The levels of selected volatile components that affected the sensory properties of a lager beer were optimized under high-gravity brewing conditions (15.5 °P) in an industrial plant. The influence of different pitching rates (6–10 million cells/mL), aeration levels (8–12 mg/L), times (4.5–13.5 h) of filling CCTs (cylindroconical tanks, 3850 hl), and fermentation temperatures (8.5–11.5 °C) on the contents of acetaldehyde, diacetyl, acetone, 2,3-pentanedion, dimethyl sulfide (DMS), and on the sensory properties of beer were investigated. Response surface methodology (RSM, Box–Behnken design) was used to research the possibilities for optimizing the concentration of selected volatile components and sensory properties of bottom-fermented lager beers. Statistical analyses of the results showed that the experimental factors had a significant influence (R-squared for the original model with no significant lack-of-fit) on some of the volatile components. Based on the Multiple Response Optimization analysis, the values of independent factors that ensured the highest beer sensory quality were the following: a pitching rate of 10 million cells per mL; a fermentation temperature of 11.5 °C; an aeration level of 12 mg/L; and a CCT filling time of 4.5 h.

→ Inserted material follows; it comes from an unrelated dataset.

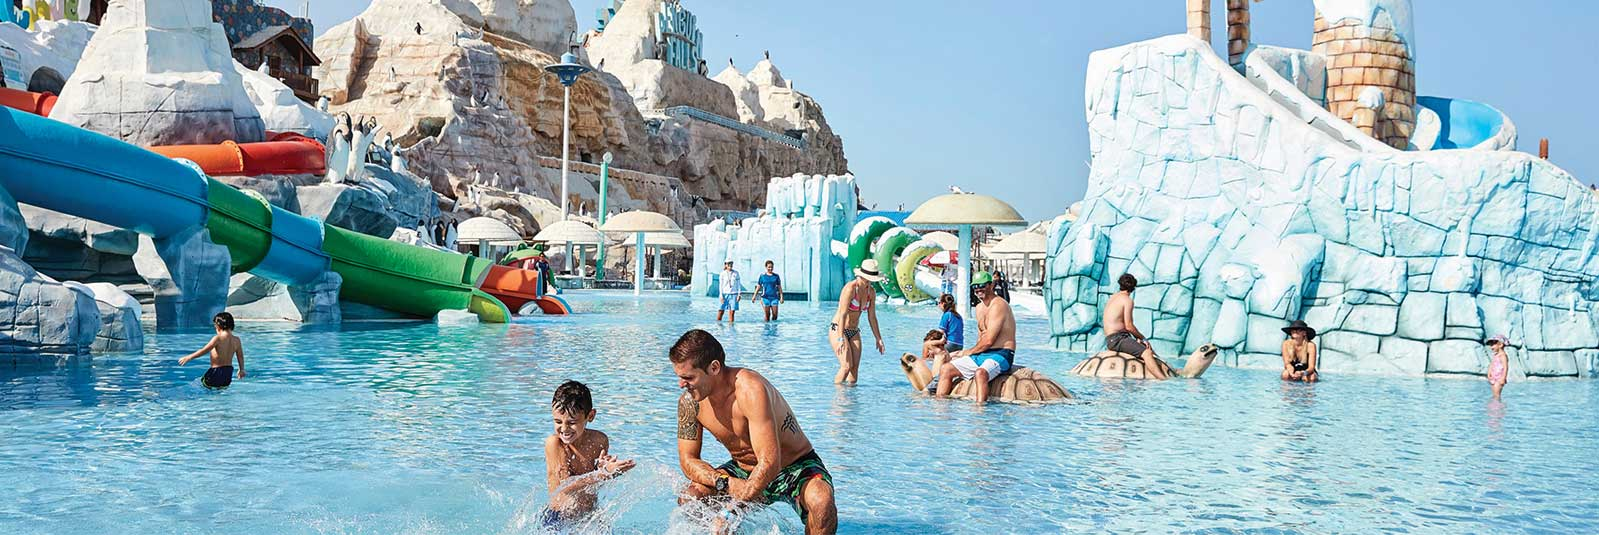 iceland-waterpark-dubai.jpg

These results proved that RSM modelling can be successfully applied to optimize fermentation and lagering processes in an industrial plant to manufacture lagers of enhanced sensory quality.

Highlights

  • The main processes that generate a broad range of flavor components in beer include malting, mashing, and boiling of wort with hops

  • Information provided by Alves and coworkers [3] using headspace solidphase microextraction followed by gas chromatography mass spectrometry (HS-SPME/GC-MS) identified an additional 60 volatile organic metabolites at different steps of the beer production processes that contributed to the sensory quality of a lager beer

  • Within the studied ranges of pitching rate, aeration level, times of filling CCTs, and fermentation temperature, the experimental factors had a significant influence on the acetaldehyde and dimethyl sulfide (DMS)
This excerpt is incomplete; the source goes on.